Boeing to Test Advanced Electronic Warfare Suite on Apache
MESA, Arizona, July 19, 1999 -- Advanced electronic warfare countermeasures for U.S. Army rotorcraft will get their first in-flight shakedowns this summer aboard the next-generation Boeing-built AH-64D Apache Longbow multi-role combat helicopter.
The Boeing Company in Mesa, Ariz., has integrated the lightweight AN/ALQ-211 Suite of Integrated Radio-Frequency Countermeasures -- or SIRFC -- equipment into an Apache Longbow prototype aircraft for flight test and evaluations.

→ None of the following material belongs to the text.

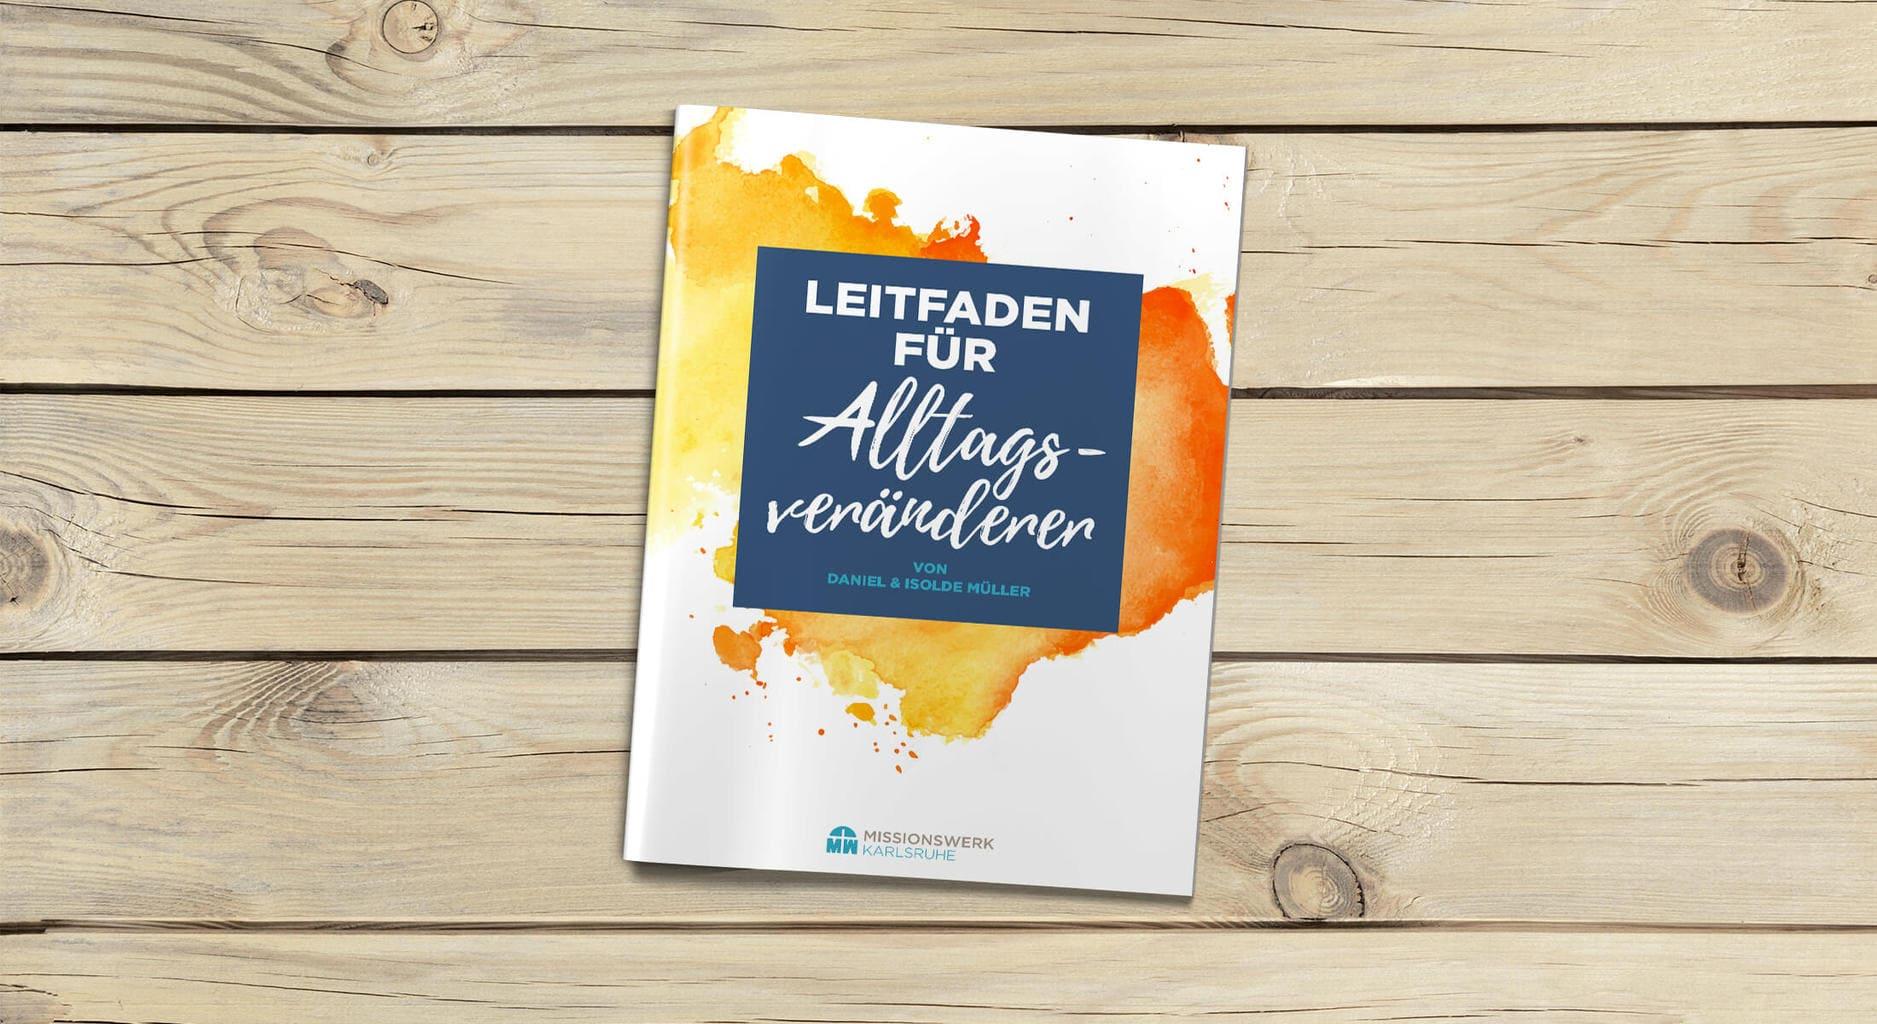 Leitfaden für Alltagsveränderer vom Missionswerk Karlsruhe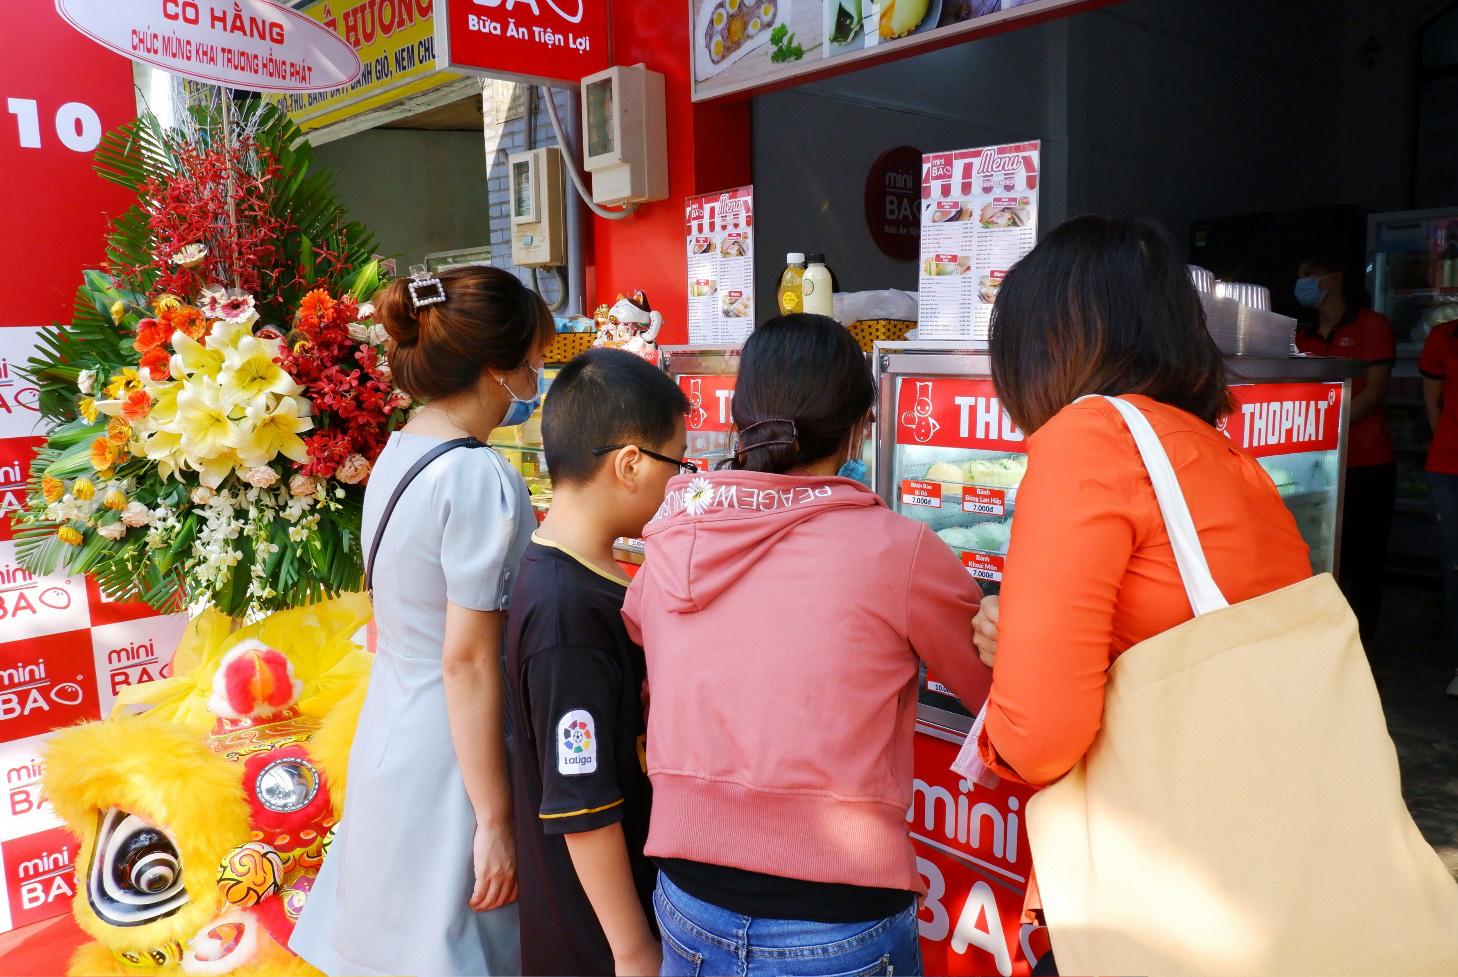 Chào hè cùng combo bánh bao ngũ sắc siêu cưng tại mini BAO - Ảnh 9.

Boeing pilots and support teams will conduct the tests, which begin later this month and continue through mid-October, at the U.S. Navy electronic warfare range at China Lake, Calif.
Boeing is under contract to the U.S. Army along with ITT Industries, Avionics Division, Clifton, N.J., the developer of SIRFC.
The expanded electronic warfare capabilities will enhance survivability and effectiveness of Army rotorcraft. SIRFC uses radar warning, active radar jamming and passive radar frequency target detection and classification to enable crews to avoid potentially dangerous situations in flight. SIRFC allows information, such as threat locations and ranges, to be overlaid on a digital map to enhance situational awareness.
SIRFC, which will be qualified by the Army for use on its rotorcraft beginning in early 2000, is designed to significantly expand the capabilities of the Apache Longbow, Special Operations MH-47 Chinooks and MH-60 Black Hawks. The U.S. Air Force chose the system last year for its special operations CV-22 Osprey tiltrotor aircraft.
SIRFC has been studied in a laboratory environment, completing a series of simulation tests and evaluations that demonstrated the ability of flight crews to evade simulated air-to-air missiles, use nap-of-the-earth flight to hide from threats, and identify threats that non-SIRFC-equipped aircraft could not see.